I am a lecturer in the School of Computer Science, and am a member of the School's Text Mining Research Group.
I have been working in the general area of natural language processing since 1979, which I came to through previous studies in language and linguistics. Until 2000, I was with the Department of Language Engineering (and its Centre for Computational Linguistics) at UMIST, when I transferred to UMIST's Department of Computation. In 2004, UMIST and the Victoria University of Manchester came together to form the University of Manchester, where I now work in the School of Computer Science.
For many years, I worked on machine translation (MT) aspects, specifically on MT software design, on sublanguage-based MT, and on computational dictionaries. Multilingual issues and sublanguage concerns also brought me to develop strong interests in computational terminology and the representation of special knowledge. From the mid-80s on, I became involved in various language engineering standardisation initiatives such as EAGLES and ISLE. These focussed particularly on issues of reusability of language resources such as text corpora and electronic dictionaries, and design for reuse. Recently, the reusability issue has been exercising researchers in the context of semantic web ontologies.
In the latter half of the 90s, I moved into the area of information extraction, working on ontology-driven information extraction.
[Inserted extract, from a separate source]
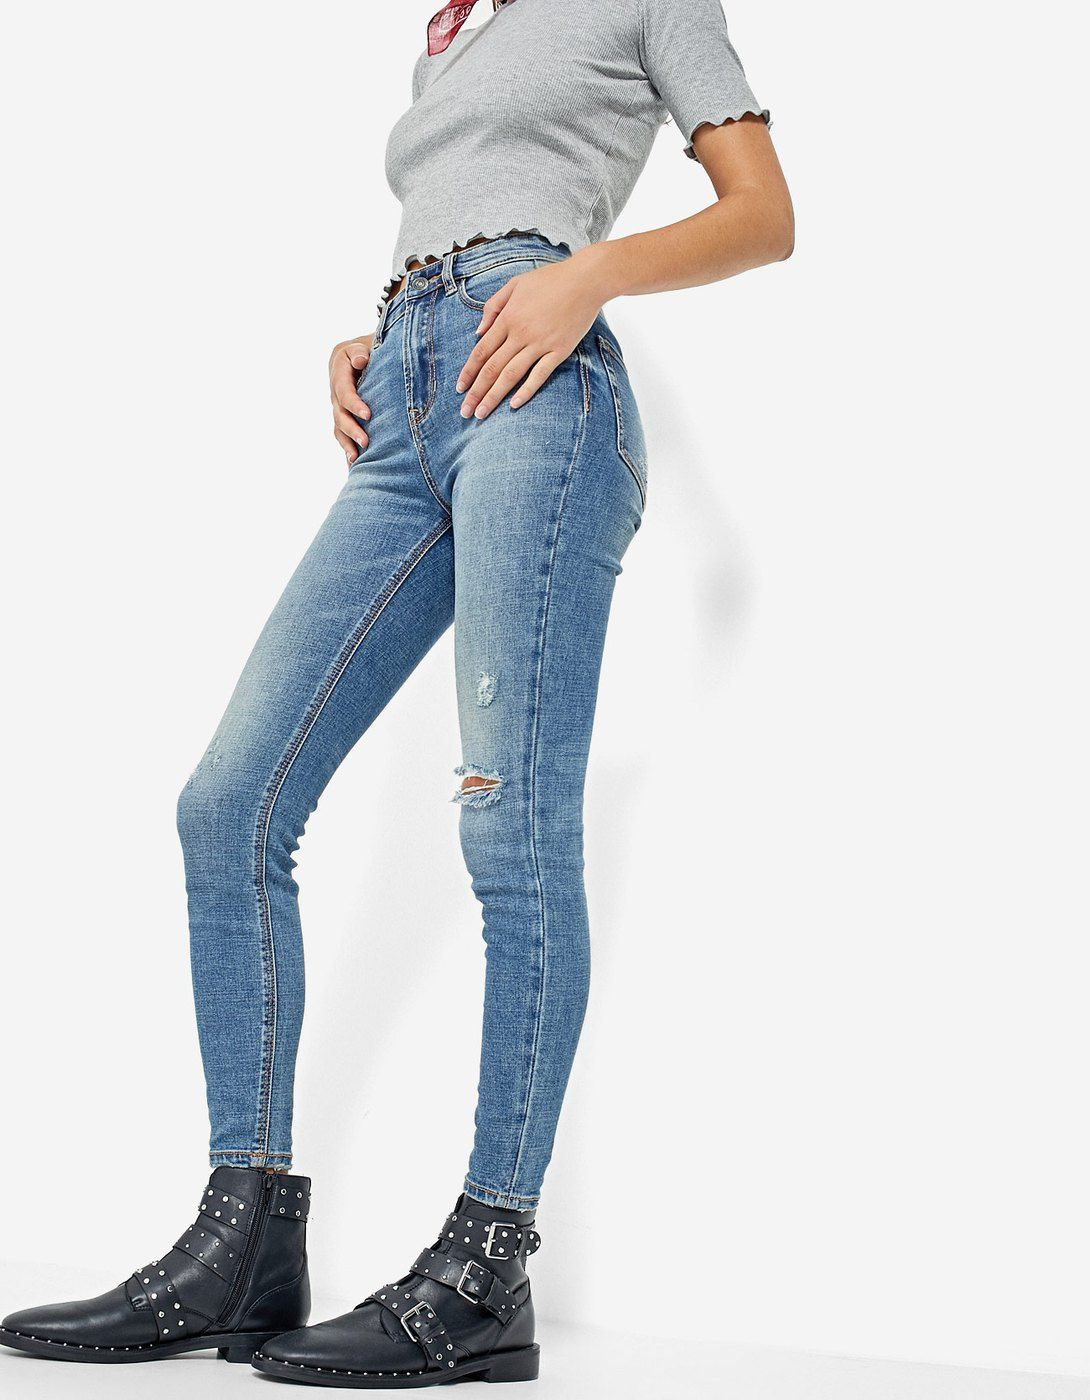 Denim Super High Waist Jeans Stradivarius Espana Ropa Jeans Denim

The CAFETIERE system, developed by my colleague Bill Black, has been the mainstay of this work.
In September 2004, the National Centre for Text Mining (NaCTeM) was established. This is the first publicly funded national centre for text mining in the world and reflects thus the depth and breadth of text mining expertise here in the university. It is hosted by the School of Computer Science. I am currently the Deputy Director of NaCTeM, which is located in the Manchester Interdisciplinary Biocentre.